At Camden Catholic High School, where both Camden Catholic and Gloucester Catholic students gathered in the gym, students said they found comfort and inspiration in the talks by Father Hyde and Sister Philomena.
“Oftentimes, as teenagers, when we mess up, we think it’s the end of the world,” and Father Hyde’s words helped “me realize that it’s not,” Gloucester Catholic senior Genevieve Driscoll said. “Knowing that it’s not, we can turn to God, get better and [give] our lives to him.”
As well, the day taught her to “put a little bit more of God in my life, and not let other things take so much precedence.”

Sister Philomena’s words that “when you don’t feel heard, Jesus hears you, and when you don’t feel seen, Jesus sees you [is] going to stick with me for a long time,” Camden Catholic junior Christian Sawn said.

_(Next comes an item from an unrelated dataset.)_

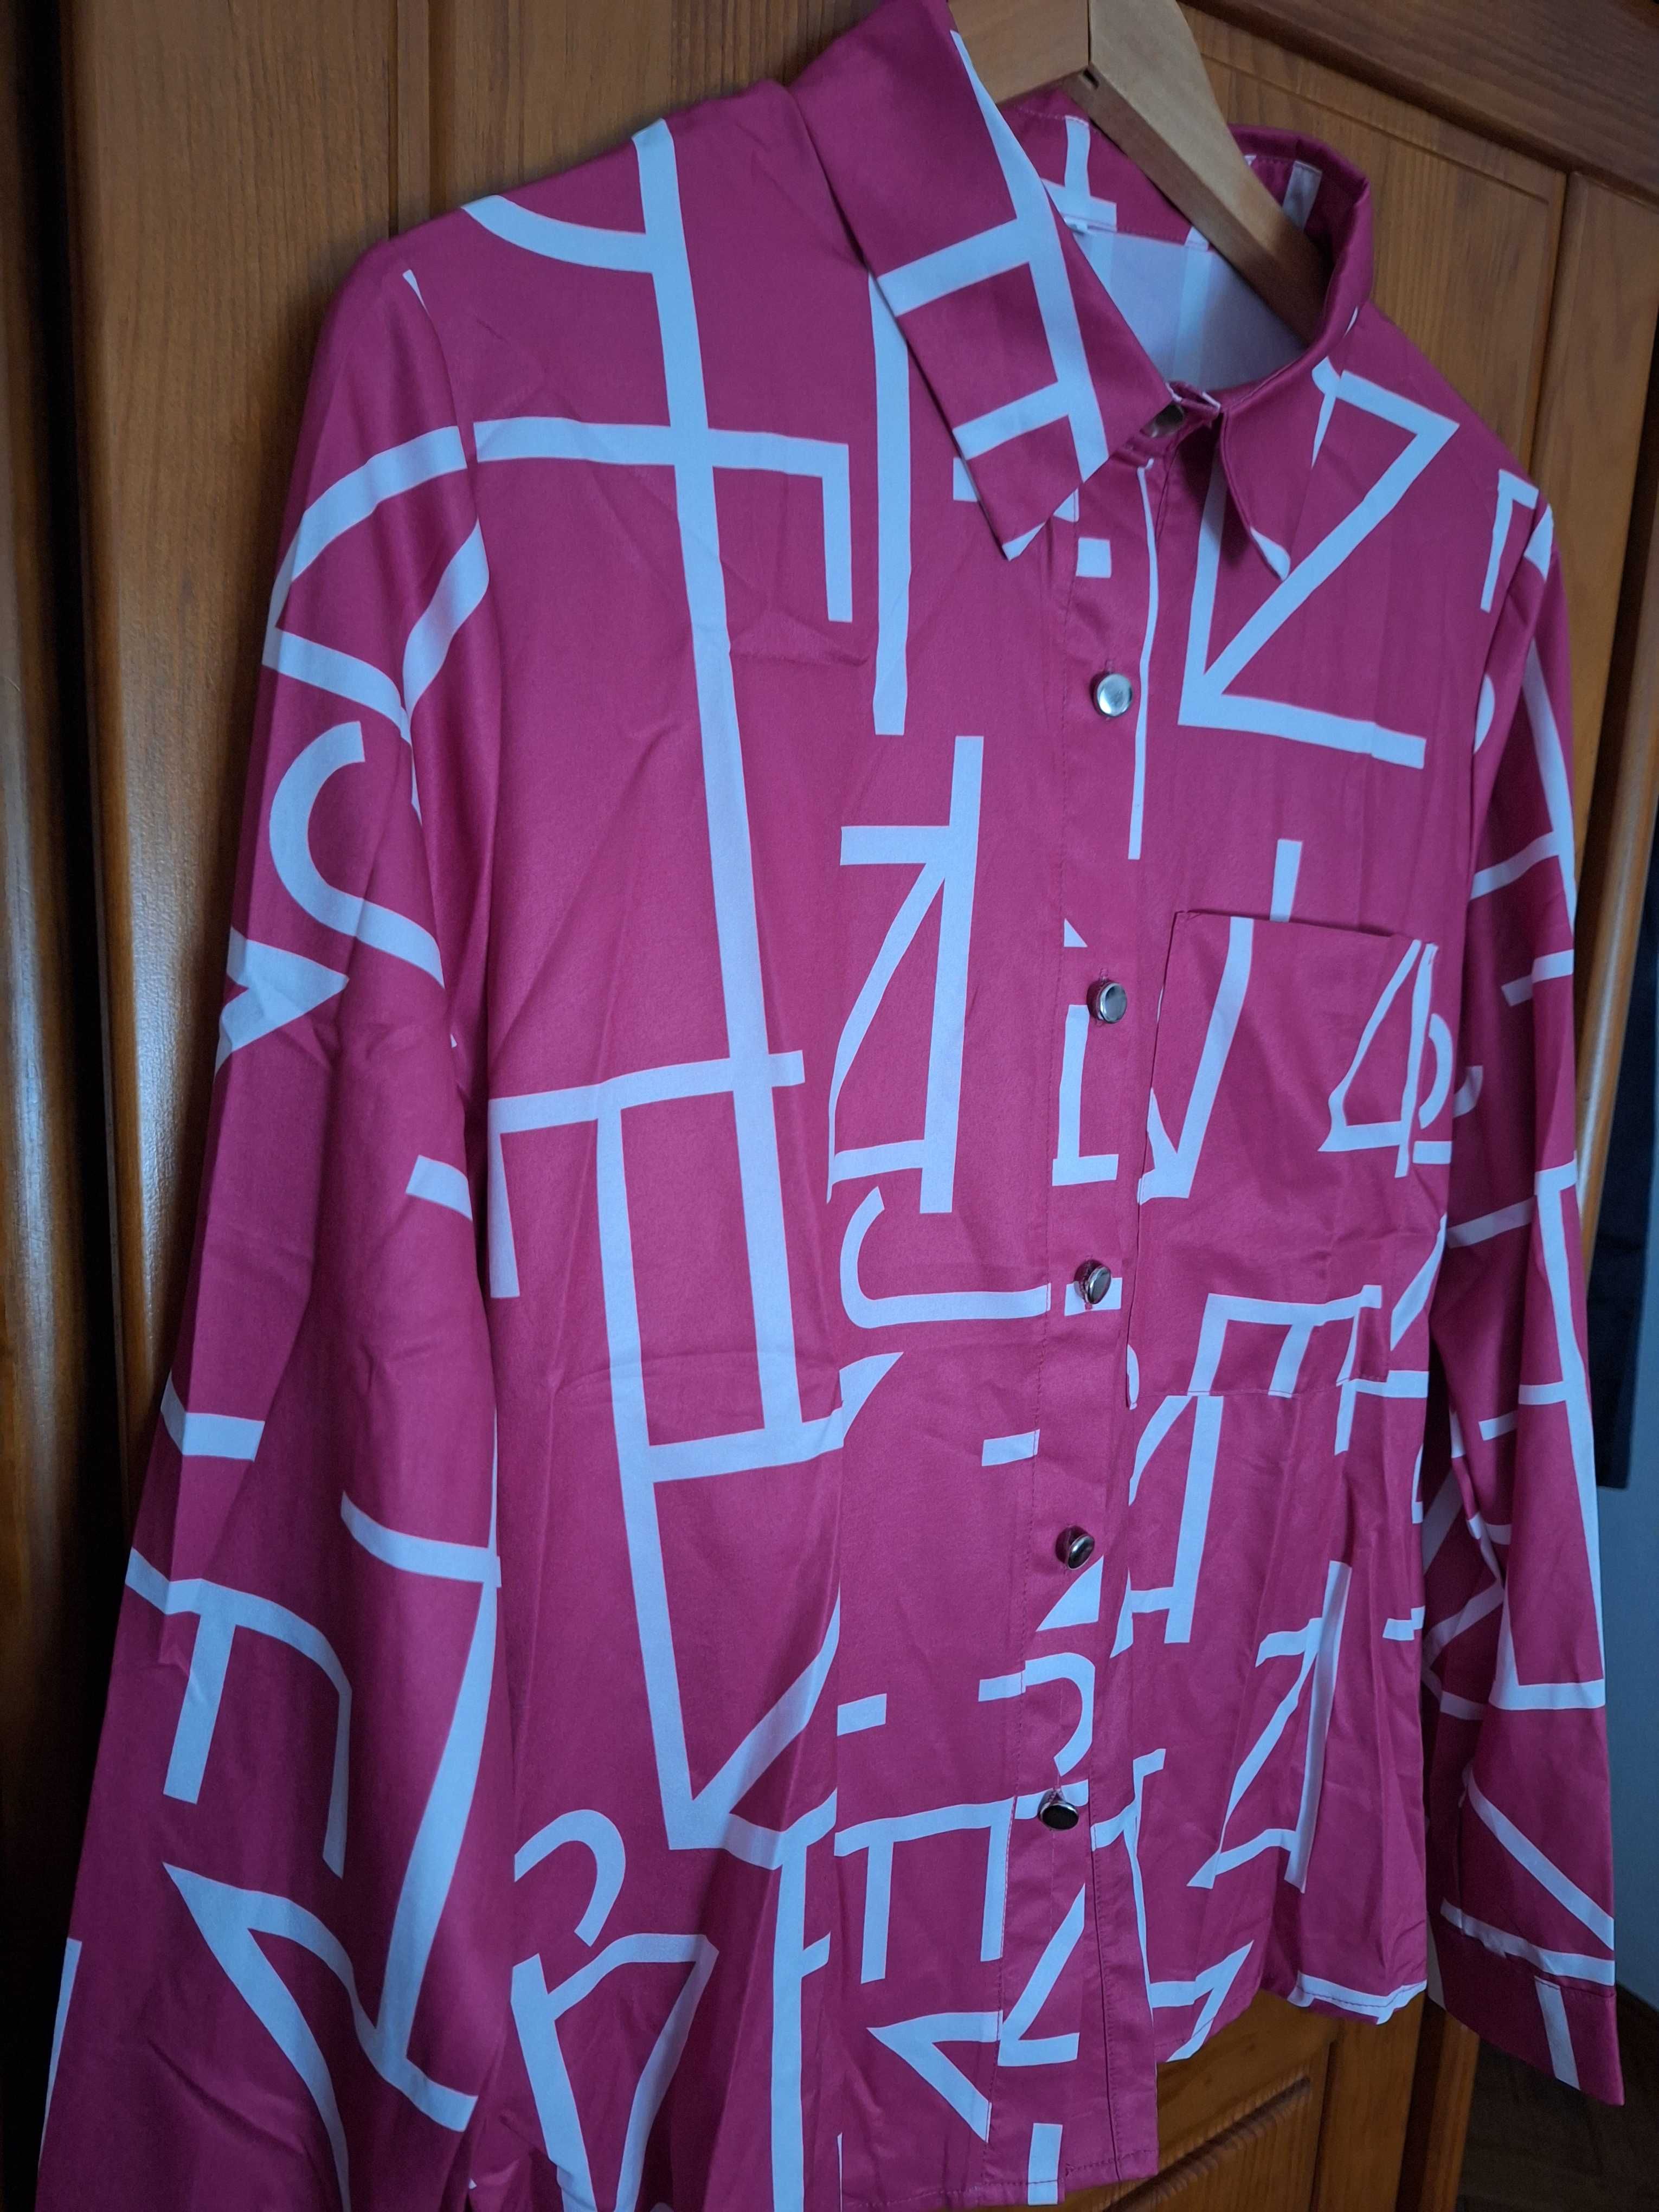 Camisa vintage cor-de-rosa vivo com padrão geométrico em branco

“Just being in the room with so many others my age, children of God, was impactful on how I see the Eucharist, and how it can provide a different perspective in my life. The day was beneficial,” Sawn said.
Senior Jakob Hansen was among those from Wildwood Catholic Academy who gathered with Holy Spirit High School students in Absecon. He said he could relate to the speakers’ experiences with the Eucharist.

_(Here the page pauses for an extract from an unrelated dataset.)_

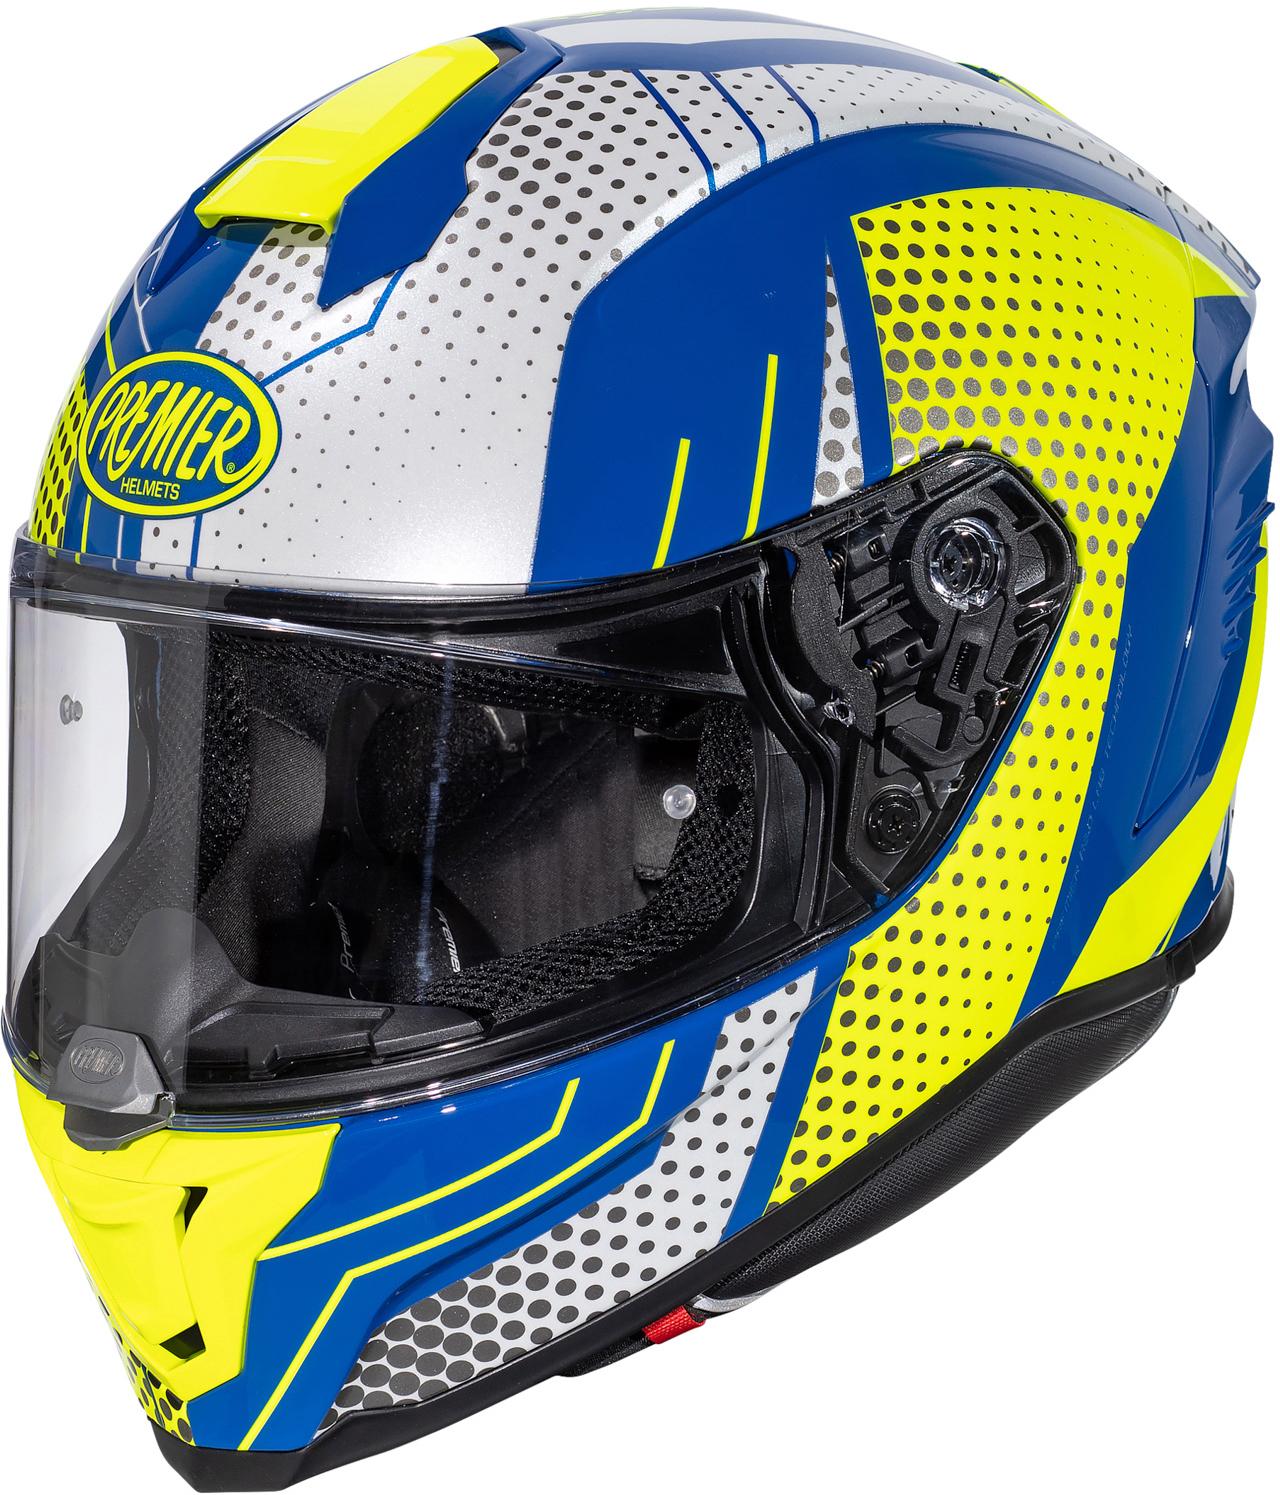 Premier Hyper Bp Full Face Motorcycle Helmet - White/Blue, L

“I felt a connection to their stories,” Hansen said, explaining that he is a Christian, but not Catholic. A couple of months ago, however, Father Cesar Pirateque Serrano, the school’s director of Catholic Identity, brought the Eucharist into the classroom.
“During that time of Adoration, I felt a calling to become Catholic and enter into the love that God provides for you,” he said. “Afterward, I talked to Father Cesar. I told him I felt something in my heart saying that I need to become Catholic – that God is pulling me into the loving embrace of his arms.”
For Holy Spirit senior Sean Finan, Father Hyde’s story “taught me something I had never thought of before” concerning the Eucharist. “He explained that he was not the best kid in school, but when he went to Adoration, his life was changed. The way he saw the world and God completely changed – and that really stuck with me.”